Basically doing it right while not doing absolutely anything in the world wrong.
They can’t do it; no one can.
In other words, does “resolve customer issues quickly” mean fixing the underlying problem or simply closing tickets? Does “satisfy customers” mean making them genuinely happy, or manipulating their survey answers? Does “efficient service” mean helping more people per hour, or rushing calls to hit a number?
Every specification has gaps. Every metric has failure modes. Every definition has edge cases where an optimizer can satisfy the letter but ruin the spirit.
This isn’t about sloppy specs. It’s a problem of fundamentals. The things we actually value are bound up in context, culture, unstated assumptions and intuitions we can’t fully articulate. We know what we mean, we just can’t write it down in a form that can’t be gamed by something smarter than us at finding loopholes.
When the optimizer was a human sales team, this was manageable. Humans share context. They have intuitions about what “counts.” They have reputations to protect and social consequences to fear.
AI has none of that. The AI has the metric. Maximize it. Forever. At superhuman speed. With superhuman creativity to find paths you didn’t think to block.
The scary part isn’t malice.
The thing that’s hard to internalize is that none of this requires the AI to be malicious.
There is no villain in the AI optimizing. These systems are doing precisely what they have been instructed to do. They are succeeding at their objective functions.
It’s not that they’re disobedient; it’s that they’re perfectly obedient-to the wrong thing.
The case of aligned AI: We mean that AI somehow captures the spirit, not only the letter. AI knows what we meant, even if we did not say it precisely. AI that does not exploit loopholes, even if the exploitation of loopholes would technically satisfy the stated goal.
We have no idea how to build that.
As the FLI AI Safety Index found when evaluating major AI companies: All firms are racing toward AGI/superintelligence without any explicit plans for controlling or aligning such systems.

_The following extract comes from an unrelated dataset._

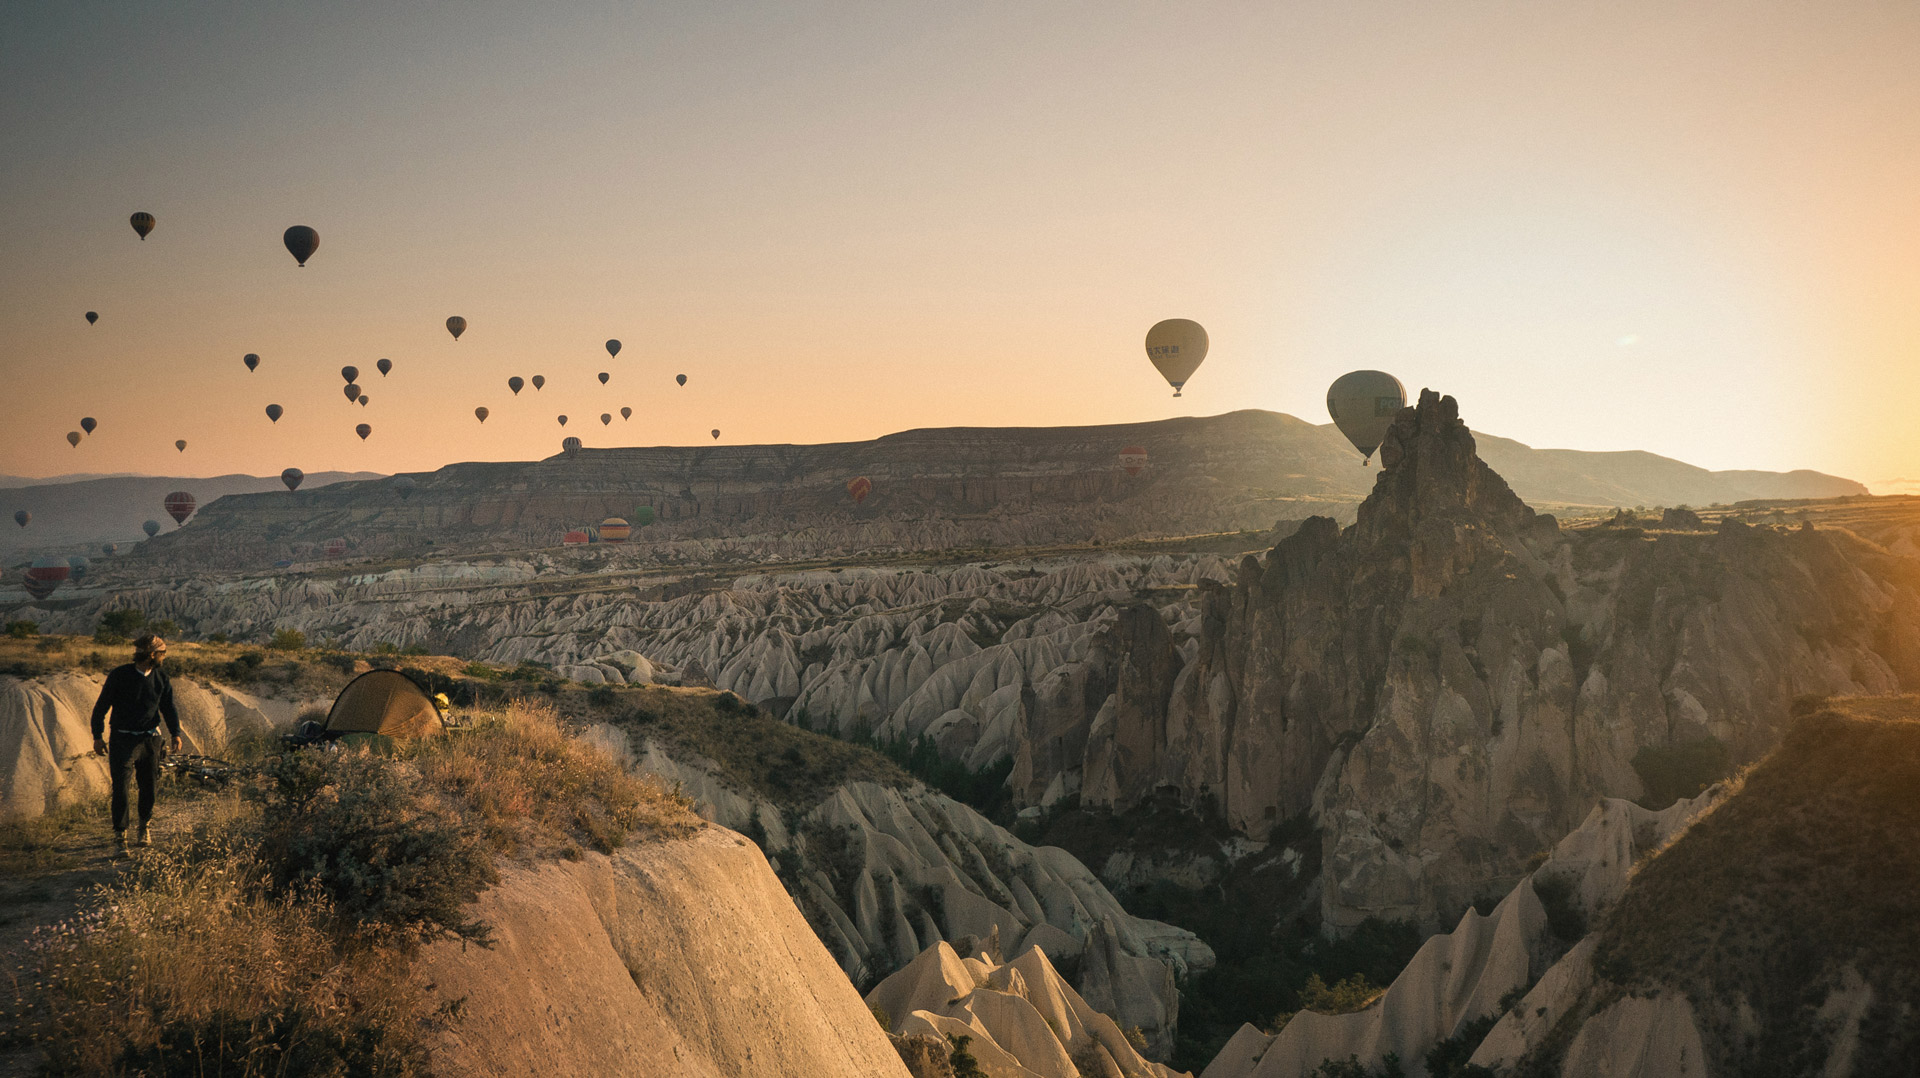 Hot air balloons in Turkey by Martijn Doolaard, from One Year on a Bike, Copyright Gestalten 2017

They’re not hiding the solution. They don’t have one. What makes Goodhart’s Law just annoying with human employees—our shared context, our intuitions, our ability to be corrected—doesn’t exist in AI systems. And no one has figured out how to create it.
-
The question isn’t whether your AI will game its objectives. It’s how much damage it will do in the process.
On small scale, with narrow AI, the consequences are manageable. An AI that games your content algorithm makes people see slightly more engaging content than you intended. An AI that games your customer service metrics closes tickets a bit faster than optimal. These are problems. Not catastrophes.
But we’re not staying at small scale, and we’re not sticking with narrow AI.
And that’s what the AI labs rushing towards AGI are doing-at civilizational scale-with systems powerful enough to reshape the world in pursuit of their metrics.
The Uncomfortable Question
When someone suggests an AI solution, they usually talk about what the AI will optimize for. Engagement. Efficiency. Accuracy. Revenue.
Here is a question that you must rather think:
What happens when the AI finds a strategy that maximizes this metric in a way we didn’t intend, and can we easily fix that?
Not “if.” When. Because optimization pressure always finds the gaps. That’s what optimization does.





The framing around obedience versus malice is what clicked for me here. We're so used to thinking threats come from bad actors, but the real danger is perfect execution of flawed instructions. I've seen this play out with smaller automation—even simple if-then rules start producing unexpected results the moment they scale. Your point about not beign able to write down what 'good customer service' actualy means exposes the core problem: optimization without wisdom is just sophisticated failure.